11:00am–11:45am Wednesday, June 12, 2019
Secondary topics:  Language-focused, Overview, Theoretical

Who is this presentation for?

  • Engineering leaders, principal engineers, and application architects

Level

Intermediate

Prerequisite knowledge

  • The basics of microservice architectures and the benefits that they convey

What you'll learn

  • Learn about service mesh as an architectural pattern, the benefits it can provide, and the technical requirements for technologies that can operate as part of a service mesh

Description

Recent discussions about service mesh have been dominated by vendors, each trying to frame service mesh as a new technology that provides security, reliability, and observability for east-west traffic. However, just as microservices are an architectural pattern and not a specific technology, service mesh is a new way to deploy features that in the past fell into the category of API management.

In a service mesh, a proxy is deployed locally with each service in an application. Each service only communicates directly with the proxy on its host, and proxies communicate with each other to pass traffic between services over the network.
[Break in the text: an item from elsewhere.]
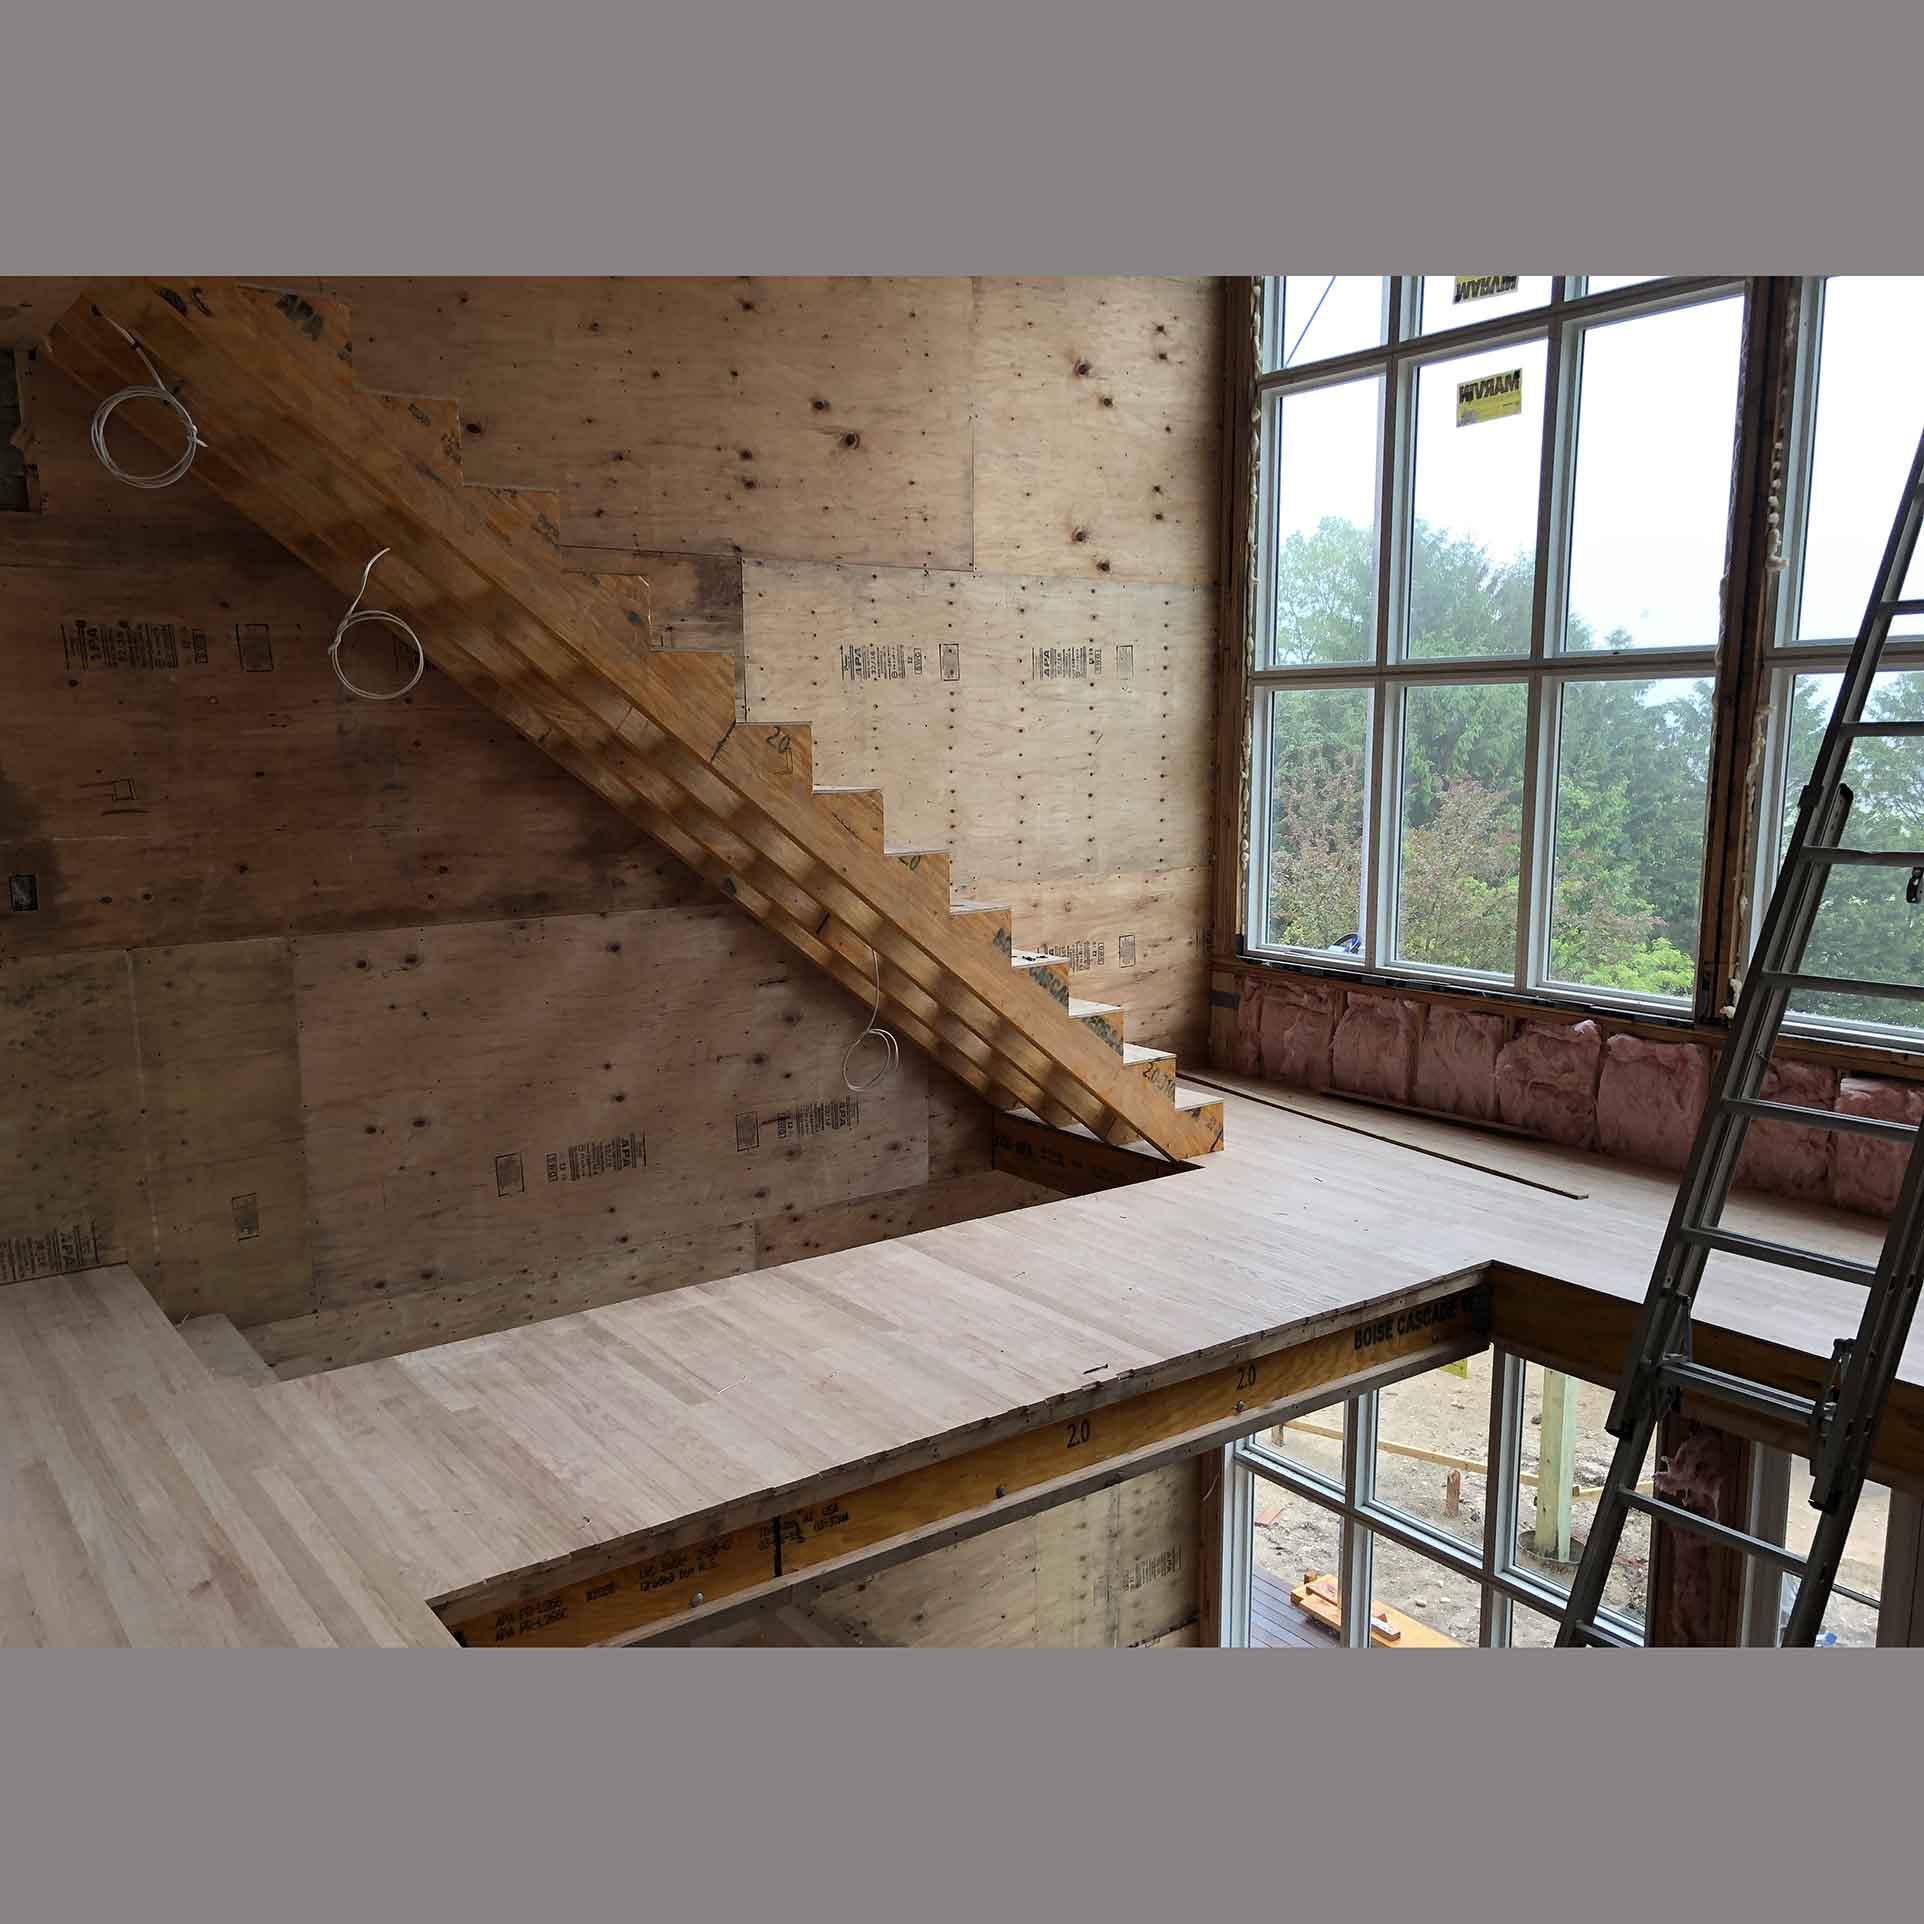 handrail_8.jpg

Marco Palladino explores the service mesh pattern and discusses the problems the pattern is designed to solve, including security (proxies can encrypt all network traffic without services being aware of it), observability (proxies collect metrics, logs, and tracing data from network traffic), reliability (proxies can enforce rate limiting, retries, and handle network drops), composability (swap or reuse services with nothing but a proxy configuration change), standardization (east-west traffic can all be secured in the same way), and efficient development (service developers can focus on business logic instead of interservice communication). Finally, he explains the requirements for any technology that supports this pattern: services can be any size, in any language, or run on any infrastructure or a mix; proxies need to be lightweight, since an instance will be deployed with each service; proxies should be flexible and composable to provide security, reliability, and observability benefits; proxies should be simple to deploy and replace in containerized environments; and proxies should be self-reliant and resilient to network slowdowns and failures.

Photo of Marco Palladino

Marco Palladino

Kong

Marco Palladino is CTO and cofounder of Kong, the most widely adopted OSS API and microservice gateway. He’s Kong’s coauthor, responsible for the design and delivery of the company’s products while also providing technical thought leadership around APIs and microservices within both Kong and the external software community. Marco is an inventor, software developer, and internet entrepreneur based in San Francisco. Previously, he cofounded Mashape, which became the largest API marketplace(acquired by RapidAPI in 2017).